JMH measurement problem for a specific case (impossible throughput results; no respect to the iteration duration limit)

Aleksey Shipilev shade at redhat.com
Tue May 21 10:32:12 UTC 2019


On 5/21/19 5:05 AM, Valentin Kovalenko wrote:
> @Benchmark
> public final void writeLockSleep(final BenchmarkState s) throws
> InterruptedException {//BenchmarkState is Scope.Benchmark
>   final ReentrantReadWriteLock.WriteLock wLock = s.rwLock.writeLock();
>   wLock.lock();
>   try {
>     Thread.sleep(1000);
>   } finally {
>     wLock.unlock();
>   }
> }
> 
> Since the write lock is shared between all benchmark threads
> (BenchmarkState is annotated with @Scope.Benchmark) the throughput of this
> benchmark can't be greater than 1 ops/s.
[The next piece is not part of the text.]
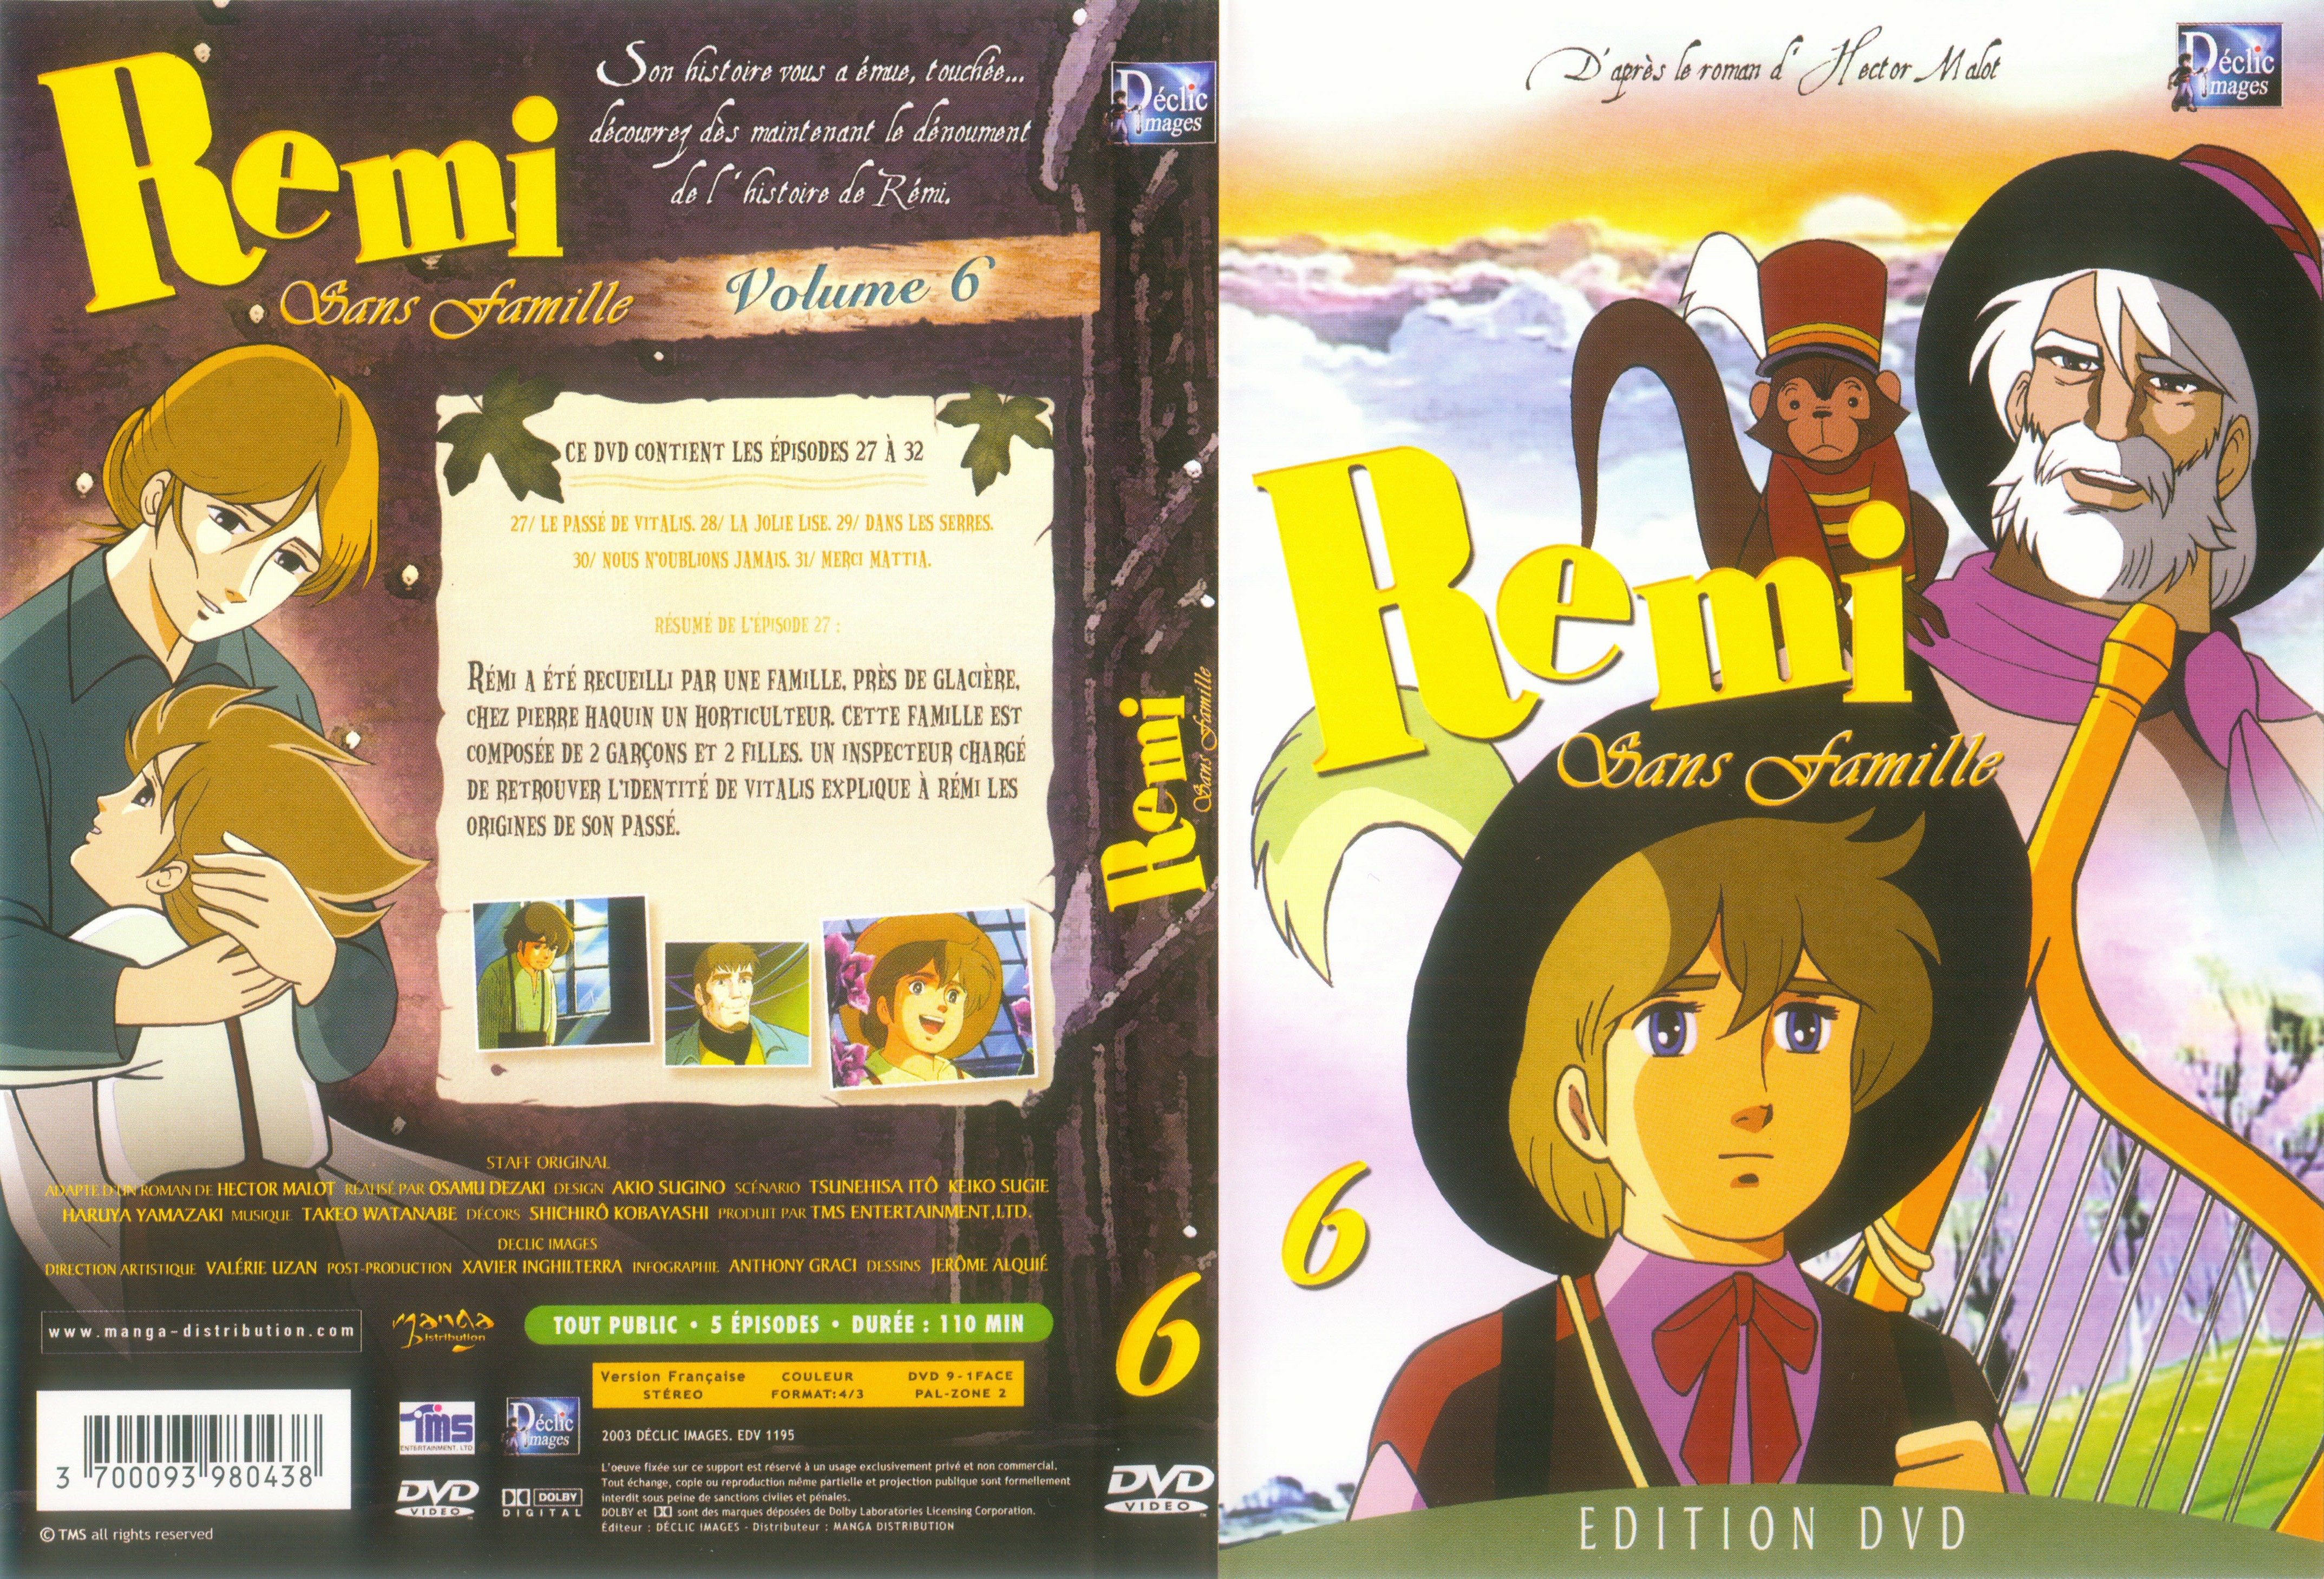 Jaquette DVD Remi sans famille vol 06

However, not according to JMH:

Let's simplify it a whole lot and add the equivalent logging patch in JMH infra, which would tell
the JMH perspective on this workload: http://cr.openjdk.java.net/~shade/jmh/lock-perf.patch

If you run it...

$ java -jar jmh-samples/target/benchmarks.jar TmpTest.writeLock -t 2 -f 1 -w 1s -r 10s -si false
# JMH version: 1.22-SNAPSHOT
# VM version: JDK 1.8.0_212, OpenJDK 64-Bit Server VM, 25.212-b03
# VM invoker: /home/shade/.sdkman/candidates/java/8.0.212.hs-adpt/jre/bin/java
# VM options: <none>
# Warmup: 5 iterations, 1 s each
# Measurement: 5 iterations, 10 s each
# Timeout: 10 min per iteration
# Threads: 2 threads, ***WARNING: Synchronize iterations are disabled!***
# Benchmark mode: Throughput, ops/time
# Benchmark: org.openjdk.jmh.samples.TmpTest.writeLockSleep

# Run progress: 0.00% complete, ETA 00:00:55
# Fork: 1 of 1
# Warmup Iteration   1:
Thread[org.openjdk.jmh.samples.TmpTest.writeLockSleep-jmh-worker-1,5,main] Raw Results: allOps=1,
measuredOps=1, time=2000
Thread[org.openjdk.jmh.samples.TmpTest.writeLockSleep-jmh-worker-2,5,main] Raw Results: allOps=1,
measuredOps=1, time=1000
1.500 ops/s

See what happened here? Second thread did do 1 measured invocation and spent 1000ms there, got
termination signal and exited the measurement. Once it did, first thread was able to acquire the
lock, do its own operation (sleep), and that took 2000ms (both for waiting the lock acquisition and
its own op). The overall throughput is (1 / 2000ms) = 0.5 ops/sec from 1 thread, and (1 / 1000ms) =
1 ops/sec from the second thread, yielding the proper total.

The pitfall in this experiment is relativity in termination protocol: you might think the throughput
should be 1 ops/sec, because iteration "stops" momentarily in all threads, but that premise is
incorrect. All threads react to termination at different times.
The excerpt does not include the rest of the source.